Weekly Pricing Pulse: Supply problems send commodities higher
Our Materials Price Index (MPI) climbed 3.5% last week, building on its 3% gain the previous week. It was another week when prices collectively recorded a significant weekly gain sending the MPI to a seven-year high. The MPI now stands 57% higher than in late February 2020.
All but one of the MPI's ten sub-components posted increases last week with energy, metals and chemicals the notable movers. Our energy index was up 6.8% as cold weather in Texas froze pipelines and forced 20% of US natural gas supply offline. This sent the Henry Hub spot price to $10.33/MMBtu from $4.63/MMbtu in the preceding week, an unprecedented 123% increase. The severe winter weather also impacted chemical markets with over 60% of US ethylene production offline. The result was a 3.7% climb in our chemical sub-index last week. Metal exchanges remained extremely active with our steelmaking raw materials index increasing 2.5% and the nonferrous index up 3.4%. Iron ore prices soared because Chinese economic activity was higher than usual since many workers did not travel home for Lunar New Year. Copper prices reached $8,930 a tonne last week, the highest level since 2011 amid expectations of a future rise in green infrastructure projects where copper will be an important raw material. The price of tin also soared as high demand from the electronics industry sent stockpiles to near record lows. Spot prices reached $29,349 per tonne, a ten-year high, and a global tin shortage means upward pressure is likely to persist.

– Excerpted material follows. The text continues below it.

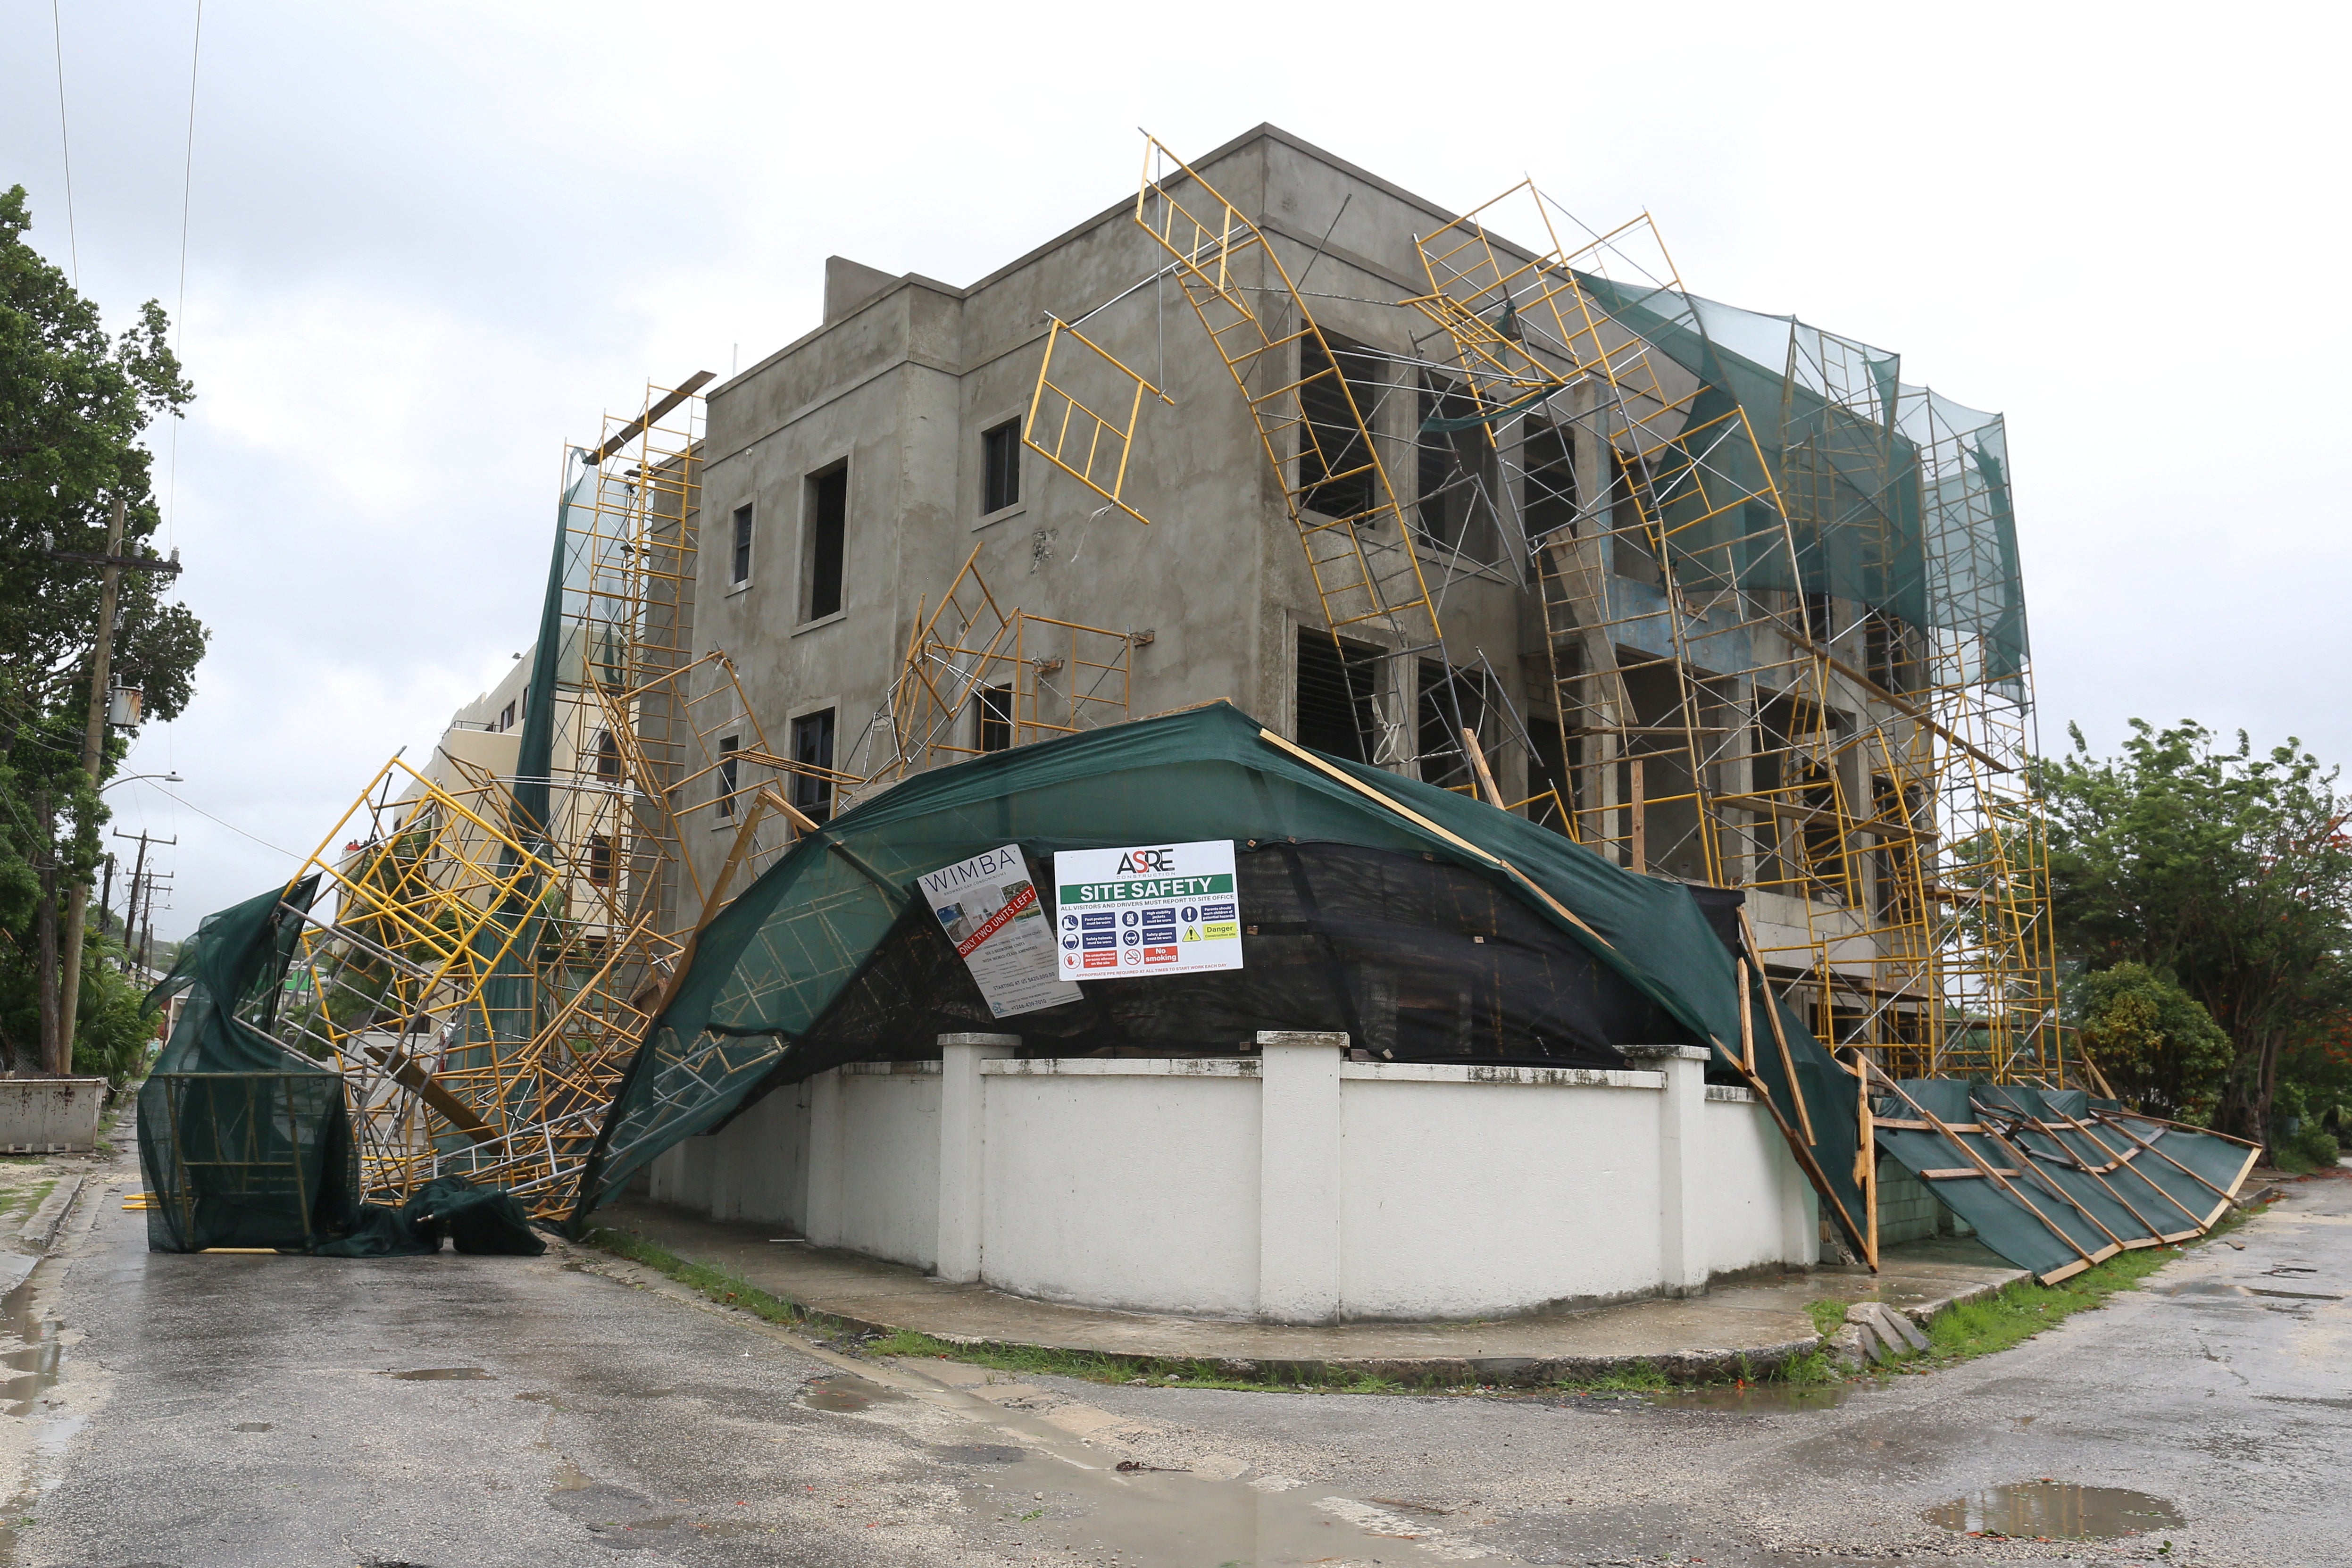 انهارت سقالات على مبنى في بريدجتاون، بربادوس، بعد أن ضرب إعصار بيريل الجزيرة.

It was a muted week for equity markets as investors swung between vaccine rollout positivity and fears over a spike in inflation. Yields on 10-year US Treasury bonds climbed and the sell-off pushed investors towards commodities. The return of Asian buyers to the market after the Lunar New Year also provided a further boost to commodity markets. The broad-based gains in industrial metals have led to further speculation that a commodity supercycle is beginning. Evidence of a sustained increase in goods price inflation remains limited thus far. However, the sharp increase in the MPI over the past eight months guarantees a rise in goods price inflation through at least the second quarter. Once this becomes apparent in official data the question is whether equity investors will accept the risk or, as happened last week, pour into commodity markets. The answer to this will determine level of commodity price inflation in the near term.